__About this exercise__. Copy every line of the data below exactly as given, except for the pictures.

__Exercise data__.
****

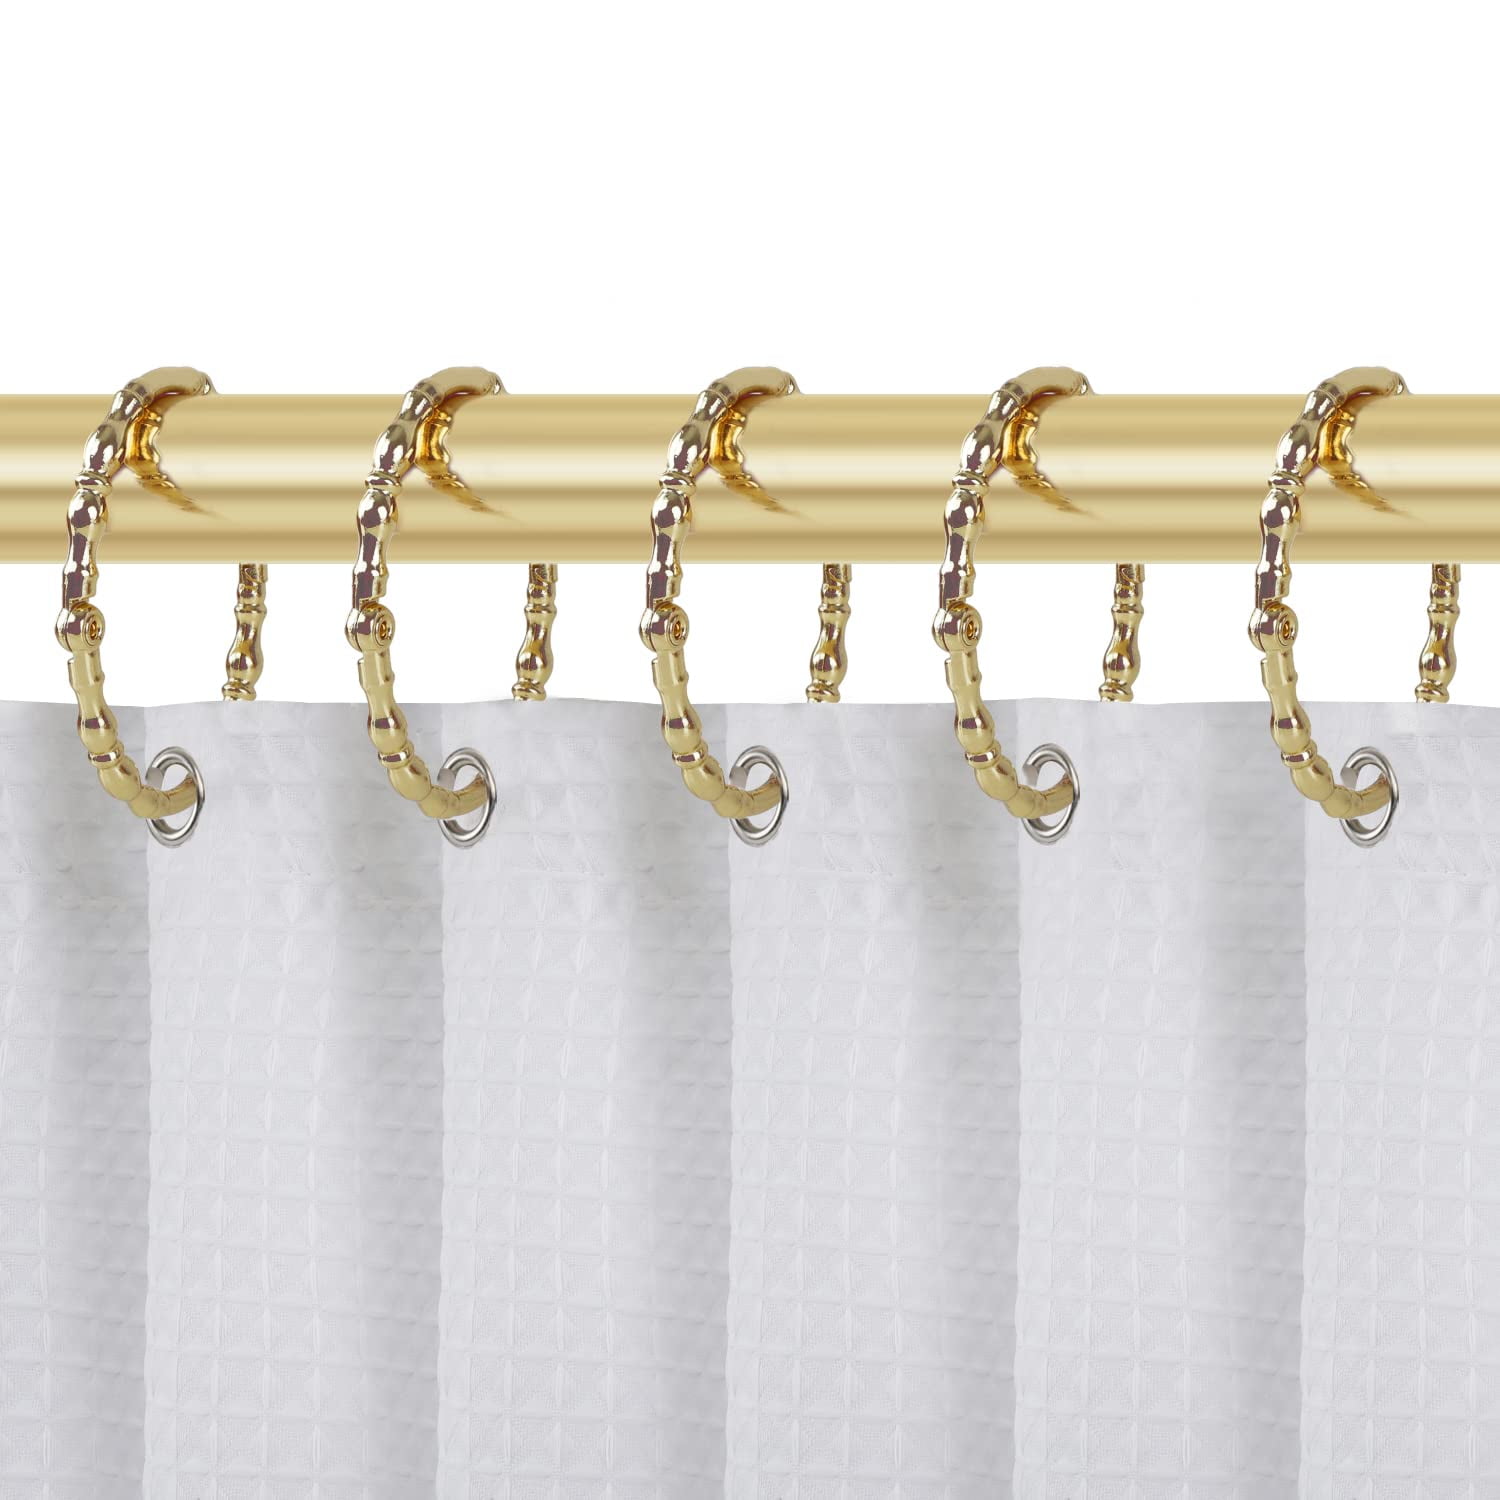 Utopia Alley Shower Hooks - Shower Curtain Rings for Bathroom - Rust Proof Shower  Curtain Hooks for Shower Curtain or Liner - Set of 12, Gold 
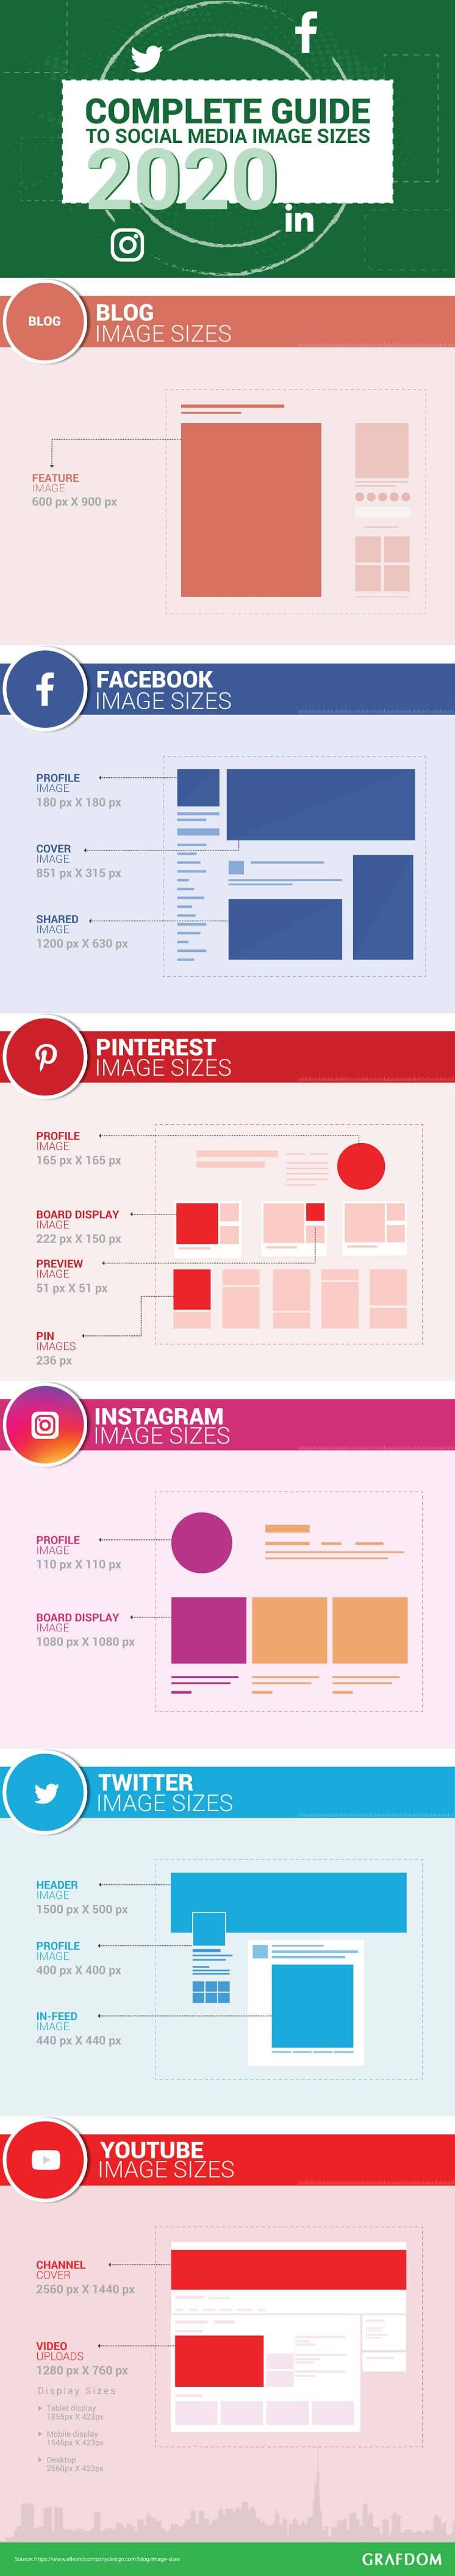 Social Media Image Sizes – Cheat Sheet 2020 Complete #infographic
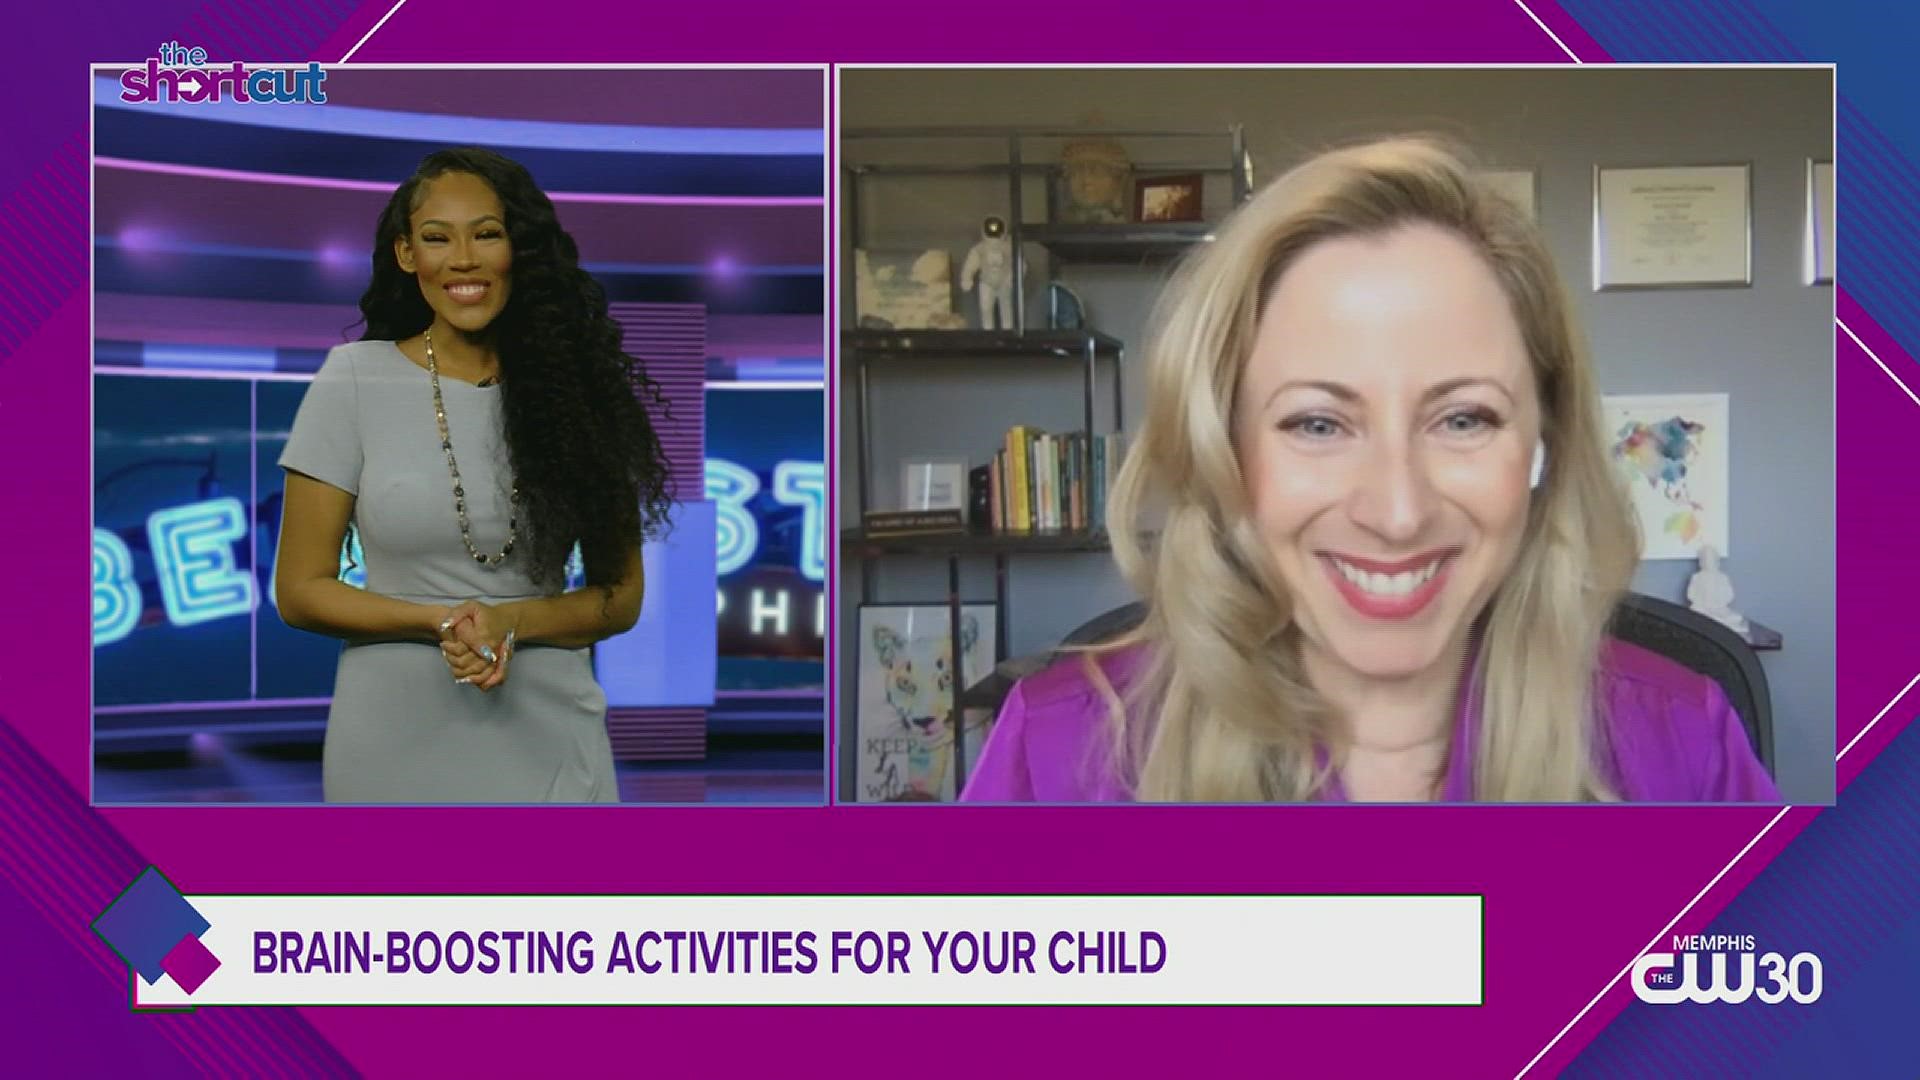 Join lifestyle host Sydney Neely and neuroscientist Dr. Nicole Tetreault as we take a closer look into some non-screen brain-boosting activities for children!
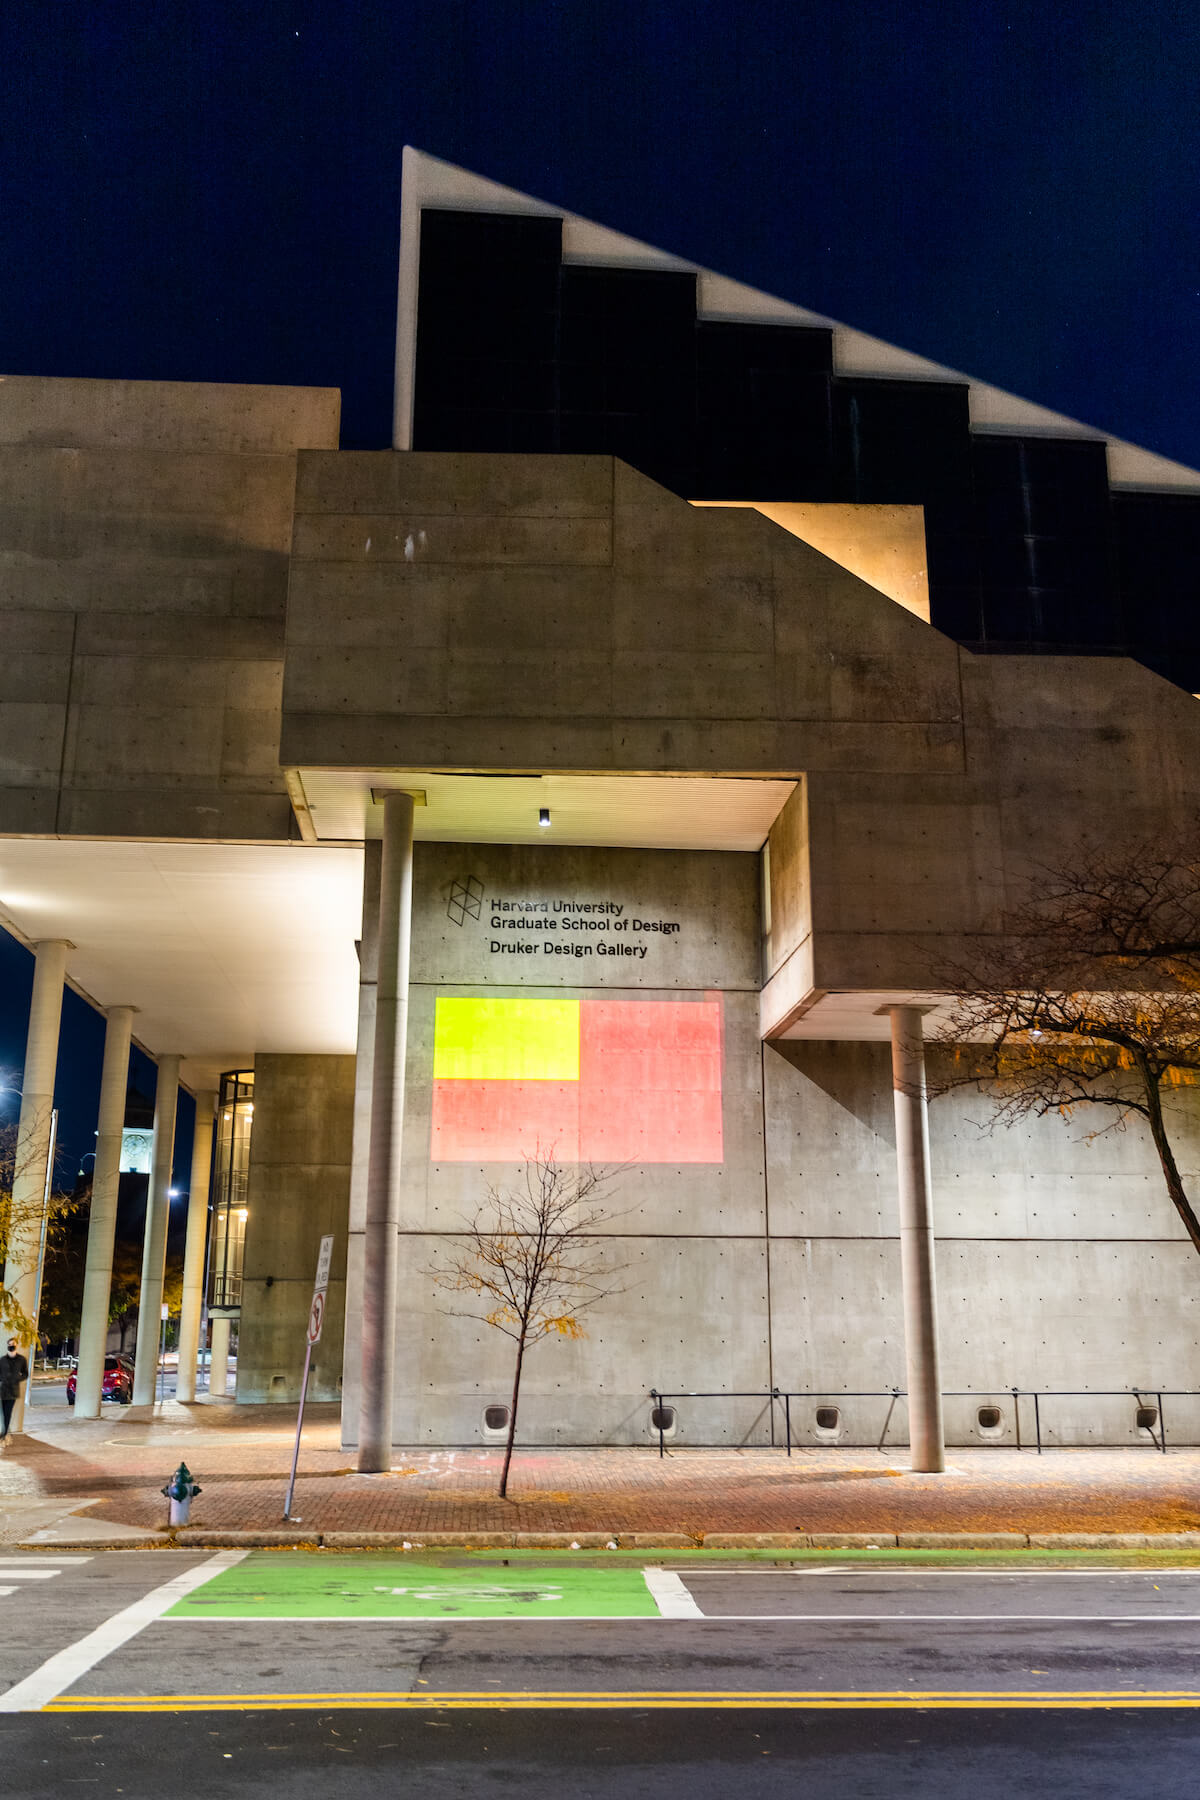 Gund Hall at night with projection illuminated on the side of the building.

****

__Exercise output__.
 Utopia Alley Shower Hooks - Shower Curtain Rings for Bathroom - Rust Proof Shower  Curtain Hooks for Shower Curtain or Liner - Set of 12, Gold 
 Social Media Image Sizes – Cheat Sheet 2020 Complete #infographic
 Join lifestyle host Sydney Neely and neuroscientist Dr. Nicole Tetreault as we take a closer look into some non-screen brain-boosting activities for children!
 Gund Hall at night with projection illuminated on the side of the building.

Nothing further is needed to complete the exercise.